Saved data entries
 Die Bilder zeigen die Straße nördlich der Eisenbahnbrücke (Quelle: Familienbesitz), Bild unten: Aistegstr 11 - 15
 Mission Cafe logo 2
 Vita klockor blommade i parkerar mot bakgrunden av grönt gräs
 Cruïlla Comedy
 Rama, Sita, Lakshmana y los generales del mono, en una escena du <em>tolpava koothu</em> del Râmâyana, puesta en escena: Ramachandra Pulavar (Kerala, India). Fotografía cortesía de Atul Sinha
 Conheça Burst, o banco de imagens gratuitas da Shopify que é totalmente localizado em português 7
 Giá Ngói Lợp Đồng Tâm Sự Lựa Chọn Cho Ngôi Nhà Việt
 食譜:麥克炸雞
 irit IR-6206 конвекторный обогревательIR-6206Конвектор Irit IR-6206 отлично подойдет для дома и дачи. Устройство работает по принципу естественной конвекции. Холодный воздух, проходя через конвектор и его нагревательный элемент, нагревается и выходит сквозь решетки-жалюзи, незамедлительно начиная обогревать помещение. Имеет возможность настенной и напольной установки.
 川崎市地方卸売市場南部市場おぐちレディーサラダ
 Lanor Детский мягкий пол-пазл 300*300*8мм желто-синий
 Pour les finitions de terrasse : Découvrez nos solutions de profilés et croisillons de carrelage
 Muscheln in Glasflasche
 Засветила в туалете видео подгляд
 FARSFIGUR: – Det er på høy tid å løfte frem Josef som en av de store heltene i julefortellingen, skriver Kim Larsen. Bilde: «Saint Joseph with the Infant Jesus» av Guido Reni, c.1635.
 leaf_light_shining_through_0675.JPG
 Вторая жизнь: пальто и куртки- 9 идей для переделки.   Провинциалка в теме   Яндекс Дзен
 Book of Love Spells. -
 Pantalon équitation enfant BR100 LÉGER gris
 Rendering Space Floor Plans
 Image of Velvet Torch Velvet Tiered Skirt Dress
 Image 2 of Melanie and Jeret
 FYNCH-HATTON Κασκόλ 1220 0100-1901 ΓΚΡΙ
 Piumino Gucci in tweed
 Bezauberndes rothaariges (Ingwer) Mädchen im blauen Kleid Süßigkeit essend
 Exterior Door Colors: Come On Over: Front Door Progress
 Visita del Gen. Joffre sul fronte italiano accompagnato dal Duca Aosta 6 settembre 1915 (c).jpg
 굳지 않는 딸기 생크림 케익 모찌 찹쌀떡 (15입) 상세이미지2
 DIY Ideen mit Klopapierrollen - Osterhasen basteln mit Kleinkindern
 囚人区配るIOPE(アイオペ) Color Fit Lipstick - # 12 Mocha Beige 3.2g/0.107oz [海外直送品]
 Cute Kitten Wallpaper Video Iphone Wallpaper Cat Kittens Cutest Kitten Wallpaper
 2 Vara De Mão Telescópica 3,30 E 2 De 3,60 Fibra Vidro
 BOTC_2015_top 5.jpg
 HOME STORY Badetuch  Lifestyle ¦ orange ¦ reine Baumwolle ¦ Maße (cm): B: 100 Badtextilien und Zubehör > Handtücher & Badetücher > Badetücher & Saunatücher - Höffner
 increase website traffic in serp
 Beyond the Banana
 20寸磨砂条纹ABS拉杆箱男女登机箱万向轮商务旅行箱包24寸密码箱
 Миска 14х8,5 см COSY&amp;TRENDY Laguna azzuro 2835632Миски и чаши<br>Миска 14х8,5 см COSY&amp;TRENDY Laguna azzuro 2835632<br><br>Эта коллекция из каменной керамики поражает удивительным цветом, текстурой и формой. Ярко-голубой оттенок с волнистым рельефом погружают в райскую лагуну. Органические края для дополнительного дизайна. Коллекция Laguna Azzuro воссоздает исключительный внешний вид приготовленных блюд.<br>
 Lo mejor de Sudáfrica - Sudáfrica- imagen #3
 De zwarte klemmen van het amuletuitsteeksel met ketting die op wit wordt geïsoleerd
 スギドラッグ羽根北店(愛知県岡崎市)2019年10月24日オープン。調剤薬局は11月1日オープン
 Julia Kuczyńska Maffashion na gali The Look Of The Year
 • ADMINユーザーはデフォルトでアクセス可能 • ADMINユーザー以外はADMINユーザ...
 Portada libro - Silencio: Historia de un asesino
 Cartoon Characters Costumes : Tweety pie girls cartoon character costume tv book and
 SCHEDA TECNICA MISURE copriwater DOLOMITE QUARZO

#### About this task
Given the records above, return exactly the lines starting at the line containing "Exterior Door Colors: Come" and ending at the line containing "BOTC_2015_top 5.jpg", including both.

#### Your response
 Exterior Door Colors: Come On Over: Front Door Progress
 Visita del Gen. Joffre sul fronte italiano accompagnato dal Duca Aosta 6 settembre 1915 (c).jpg
 굳지 않는 딸기 생크림 케익 모찌 찹쌀떡 (15입) 상세이미지2
 DIY Ideen mit Klopapierrollen - Osterhasen basteln mit Kleinkindern
 囚人区配るIOPE(アイオペ) Color Fit Lipstick - # 12 Mocha Beige 3.2g/0.107oz [海外直送品]
 Cute Kitten Wallpaper Video Iphone Wallpaper Cat Kittens Cutest Kitten Wallpaper
 2 Vara De Mão Telescópica 3,30 E 2 De 3,60 Fibra Vidro
 BOTC_2015_top 5.jpg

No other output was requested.